KASIDER’den Babalar Günü’ne özel mesaj

KASIDER 21 Haziran Babalar Günü’ne özel bir mesaj yayınladı. KASIDER Başkanı Sema Tüfekçiler’in kaleme aldığı yazıda şair Ümit Yaşar Oğuzcan’ın hayat hikayesi üzerinden Babalar Günü’nün önemine dikkat çekiliyor.

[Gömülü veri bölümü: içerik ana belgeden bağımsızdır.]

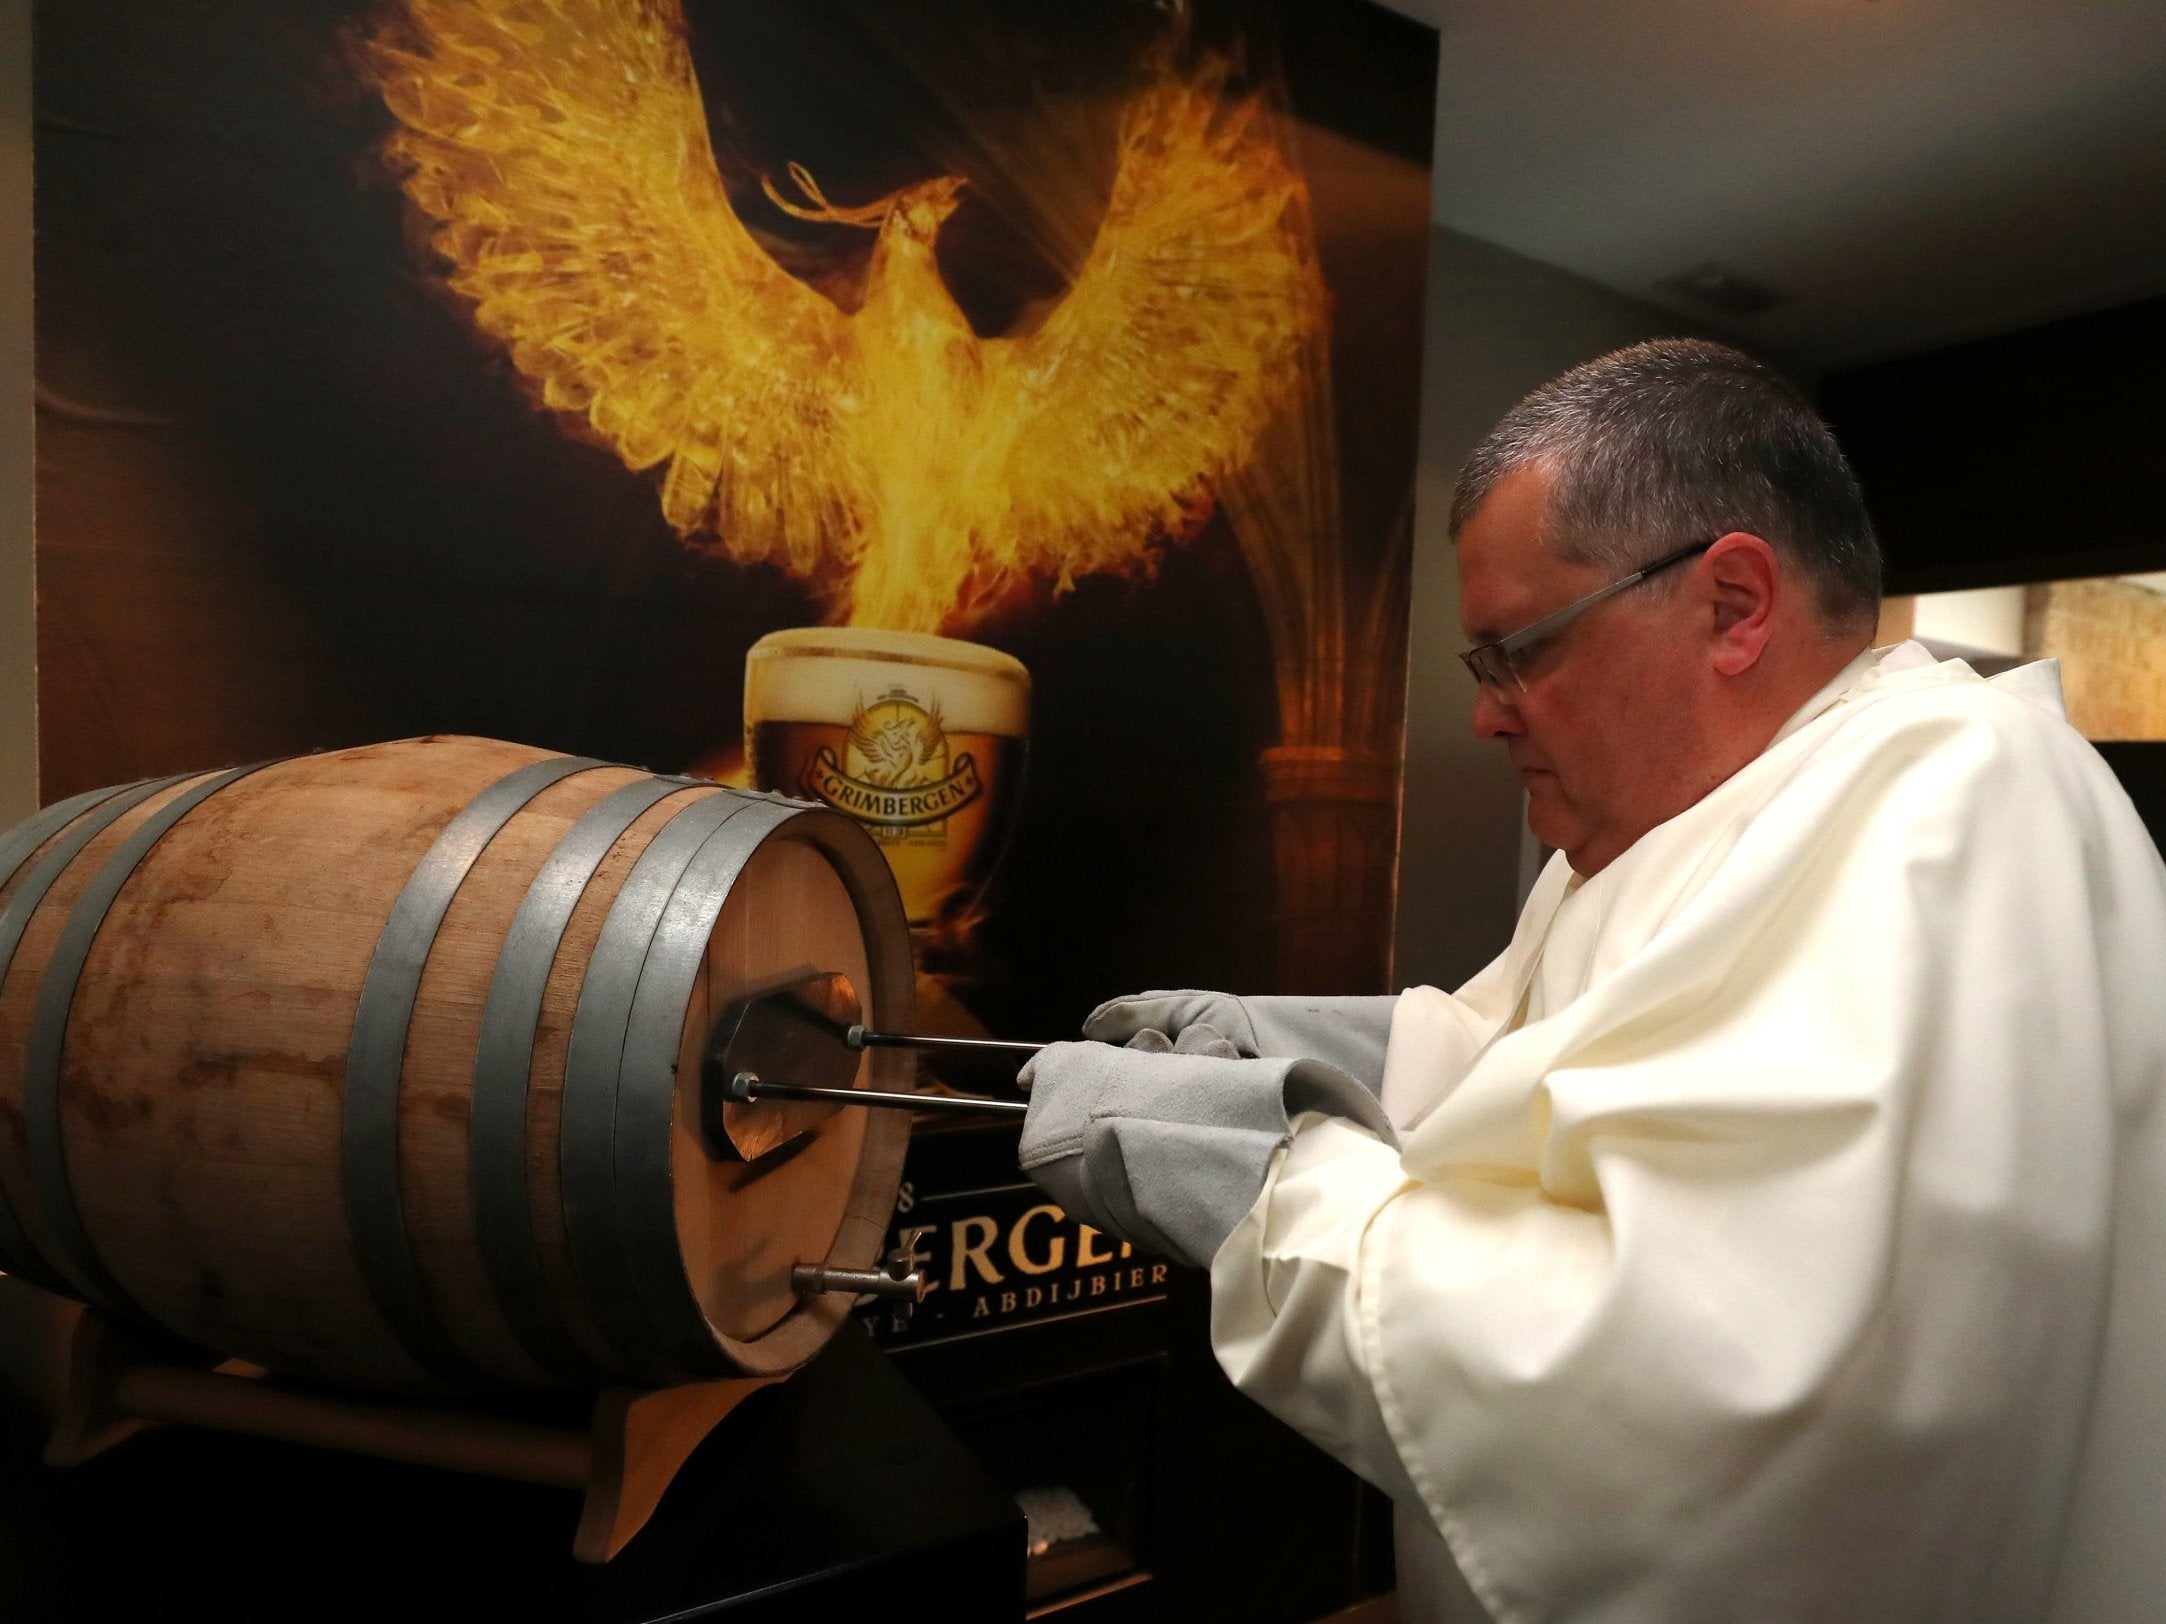 &#13; Norbertine Father Karel marks a barrel of Grimbergen beer, symbolised by a phoenix, at Grimbergen Abbey in Belgium. &#13;

KASIDER (Kadın Sigortacılar Derneği) 21 Haziran Babalar Günü’ne özel bir mesaj yayınladı. KASIDER Başkanı Sema Tüfekçiler’in kaleme aldığı yazıda Babalar Günü’nün önemine dikkat çekti. Şair Ümit Yaşar Oğuzcan’ın hayat hikayesi üzerinden günün önemine dikkat çekilirken, yazıda önemli mesajlara yer veriliyor.

BABALAR VE ÇOCUKLARI

6 Haziran 1973

Pırıl pırıl bir yaz günüydü

Aydınlıktı, güzeldi dünya

Bir adam düştü o gün Galata Kulesi’nden

Kendini bir anda bıraktı boşluğa

Ömrünün baharında

Bütün umutlarıyla birlikte

Paramparça oldu

Bir adam benim oğlumdu…   

Gencecikti Vedat

Işıl ışıldı gözleri

İçi

Bütün insanlar için sevgiyle doluydu

Çıktı apansız o dönülmez yolculuğa

Kendini bir anda bıraktı boşluğa

Söndü güneş, karardı yeryüzü bütün

Zaman durdu

Bir adam düştü

Galata Kulesi’nden

Bu adam benim oğlumdu

“Açarken ufkunda güller alevden”

Çıktı, her günkü gibi gülerek evden

Kimseye belli etmedi içindeki yangını

Yürüdü, kendinden emin

Sonsuzluğa doğru

Galata Kulesi’nde bekliyordu ecel

Bir fincan kahve, bir kadeh konyak

Ölüm yolcusunun son arzusu buydu

Bir adam düştü

Galata Kulesi’nden

Bu adam benim oğlumdu 

Küçüktü bir zaman

Kucağıma alır ninniler söylerdim ona

“Uyu oğlum, uyu oğlum, ninni”

Bir daha uyanmamak üzere uyudu Vedat

Galata Kulesi’nden bir adam attı kendini

Bu nankör insanlara

Bu kalleş dünyaya inat

Şimdi yine bir ninni söylüyorum ona

“Uyan oğlum, uyan oğlum, uyan Vedat”…

Evet çoğumuz biliyoruz belki bu şiiri ve arkasındaki, hüzünlü hikâyeyi…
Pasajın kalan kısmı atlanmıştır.